I think that most people have the opposite problem, that they don’t know how many calories are really in a portion size, or what the real nutritional value of a food is (or lack thereof.) Reading labels and keeping track for a few weeks is something that I think would actually benefit the majority of people. In fact, I remember taking a health and wellness class in school that had us journaling our food intake. It’s a good way to take a step back and see overall patterns and bad habits. It’s also a way to see how you can make better choices. You can eat a lot of healthy foods for the same calories as one fast food burger and probably even be more full from it, and get other added health benefits too.
I don’t think most people need to do it for years on end, and of course it can get obsessive, but I think for most people it can be beneficial and I would in general consider calorie counting and food journaling to be a positive thing, not negative. Even for those who aren’t overweight, just to see where you get most of your calories from and how much junk you really are eating. Just because you aren’t fat doesn’t mean you are eating well.
I’ve never had an eating disorder. I am now, for the first time in my life, trying to lose a few pounds, but I’m just eating normal sized portions instead of huge ones and playing Dance Dance Revolution, not radically changing my life.
I think I am lucky, because I tend to gravitate toward the “normal” weight for my height, if I eat regular portions. I gained some weight due to eating out too much, and finishing all my food regardless of how large the portion was, since I tend to eat what is put in front of me. I am now slightly overweight. When I eat out, I am trying to order smaller meals, or healthier foods, or take the rest home if I don’t want it anymore, instead of eating it all. Doing this, I’ve lost 10 pounds already, within the past couple of months or so.
I like food more than I care about what other people think of my looks.
Also, I’ve never been really overweight.
I never knew anyone that had an ED in highschool other then maybe typical teenage overeating of poor food.

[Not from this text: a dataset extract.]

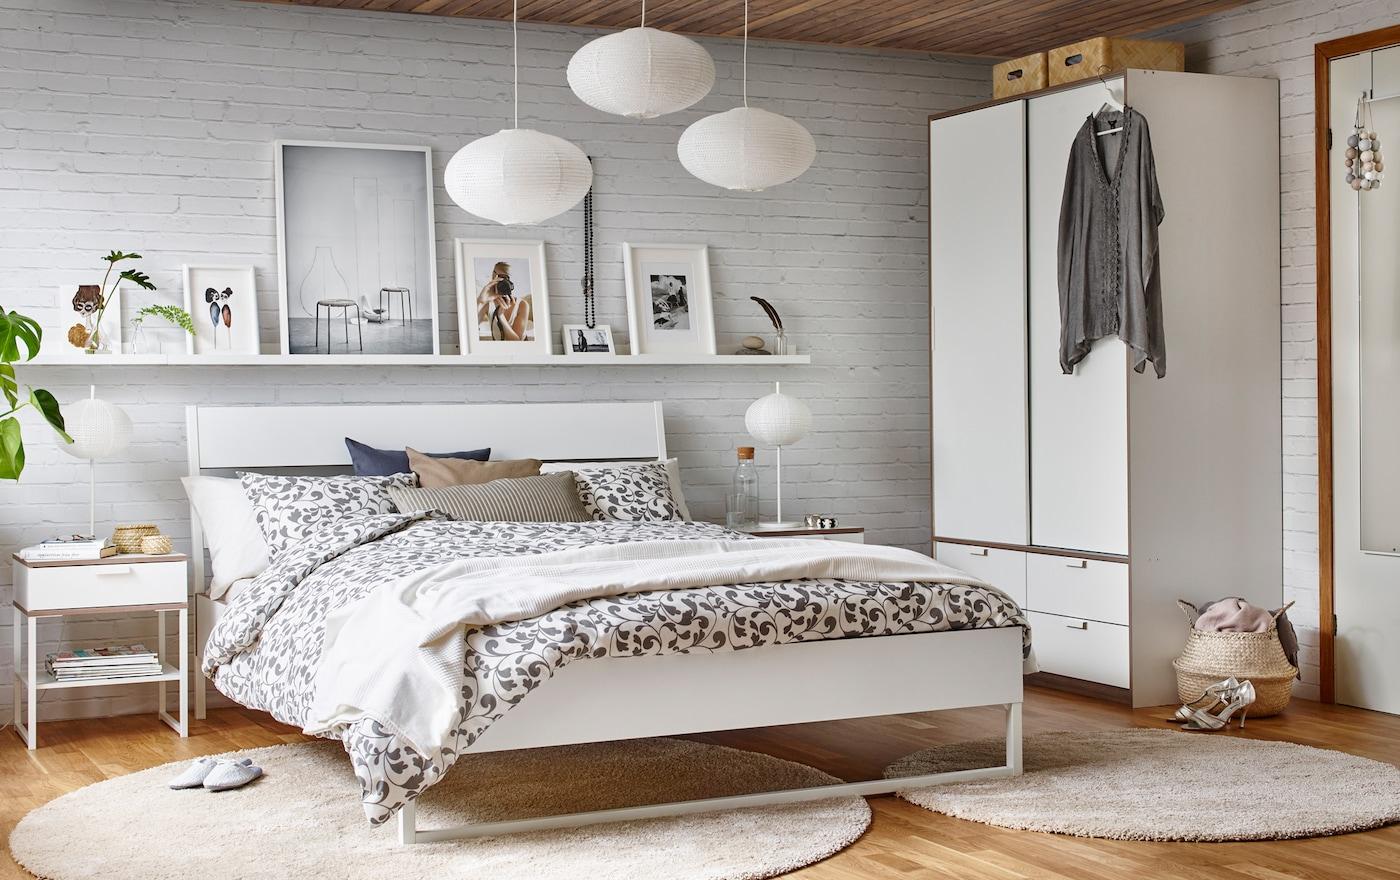 Slaapkamer Grijs Roze : Slaapkamer inspiratie u ikea ikea
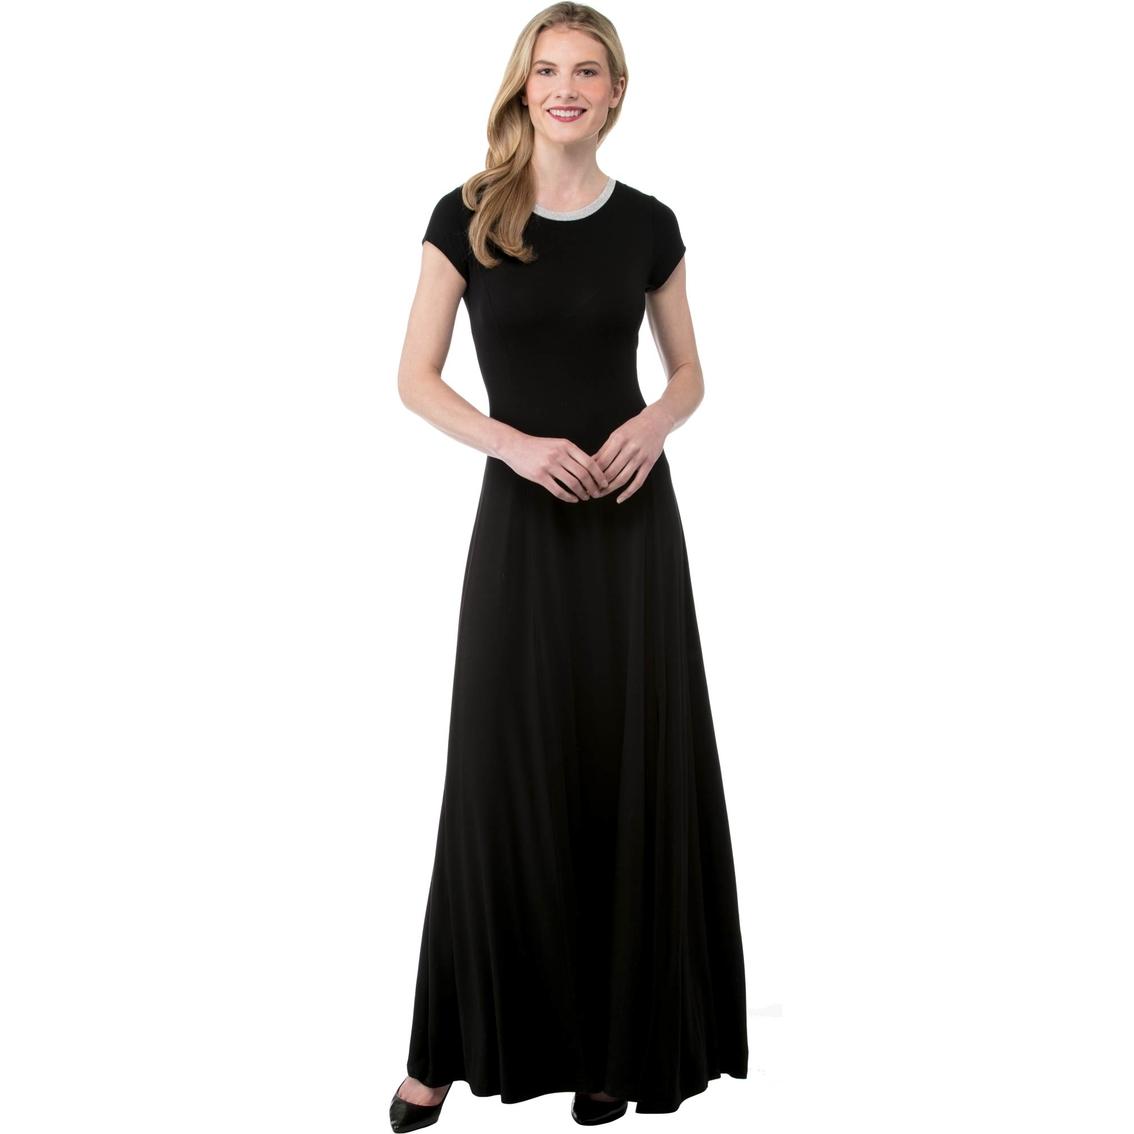 7fa7f971ac0 Michael Kors Petite Cap Sleeve Slit Maxi Dress

I went from one extreme to the other. I was chubby/fat in HS, probably 30 - 50 lbs. (depending on the year) overweight and that transferred into adulthood. Then, at about 23, even though I’d already started going to the gym and being active, and had lost about 20 lbs., I decided to diet. I lost weight. Oh look, if I eat even less, I’ll lose more. Then I started obsessing about how many calories I ate. Then the total I could eat became less and less. Then I decided that if I ate 800 calories, I had to burn AT LEAST that amount at the gym on the machine. Any extra stuff I did didn’t count.
After a year and a bit (and losing a grand total of 80 lbs. from my heaviest to my lightest) I couldn’t do it anymore and decided I still liked food. So started the binge and purge cycle, which mostly kept the weight off. The I got drunk one night and told my BF. And THAT is when recovery started. He made me get help. I still struggle, but I’m a LOT healthier now.
I haven’t always have the healthiest relationship with food, though I’m not sure I’d consider it a disorder. A lot of women I know eat when they’re depressed, but I eat when I’m bored. I spent a large portion of my life from elementary school through part of high school in a deep depression. I just didn’t care much and spent a lot of time inside after 6th grade bored, snacking, not caring enough to exercise.
It’s funny, but looking back I actually had a better body image than I thought. There were times that I didn’t like my looks (usually after some jerk kid or my brother insulted me), but usually I was more self-conscious about my clothes; I hated those clothes so much… bleh.
I’m much the same now, though I recognize my boredom-eating for what it is and try not to do that so much. I’m still overweight, but I carry it pretty well and just dislike my belly. All in all I’d say I’m pretty normal.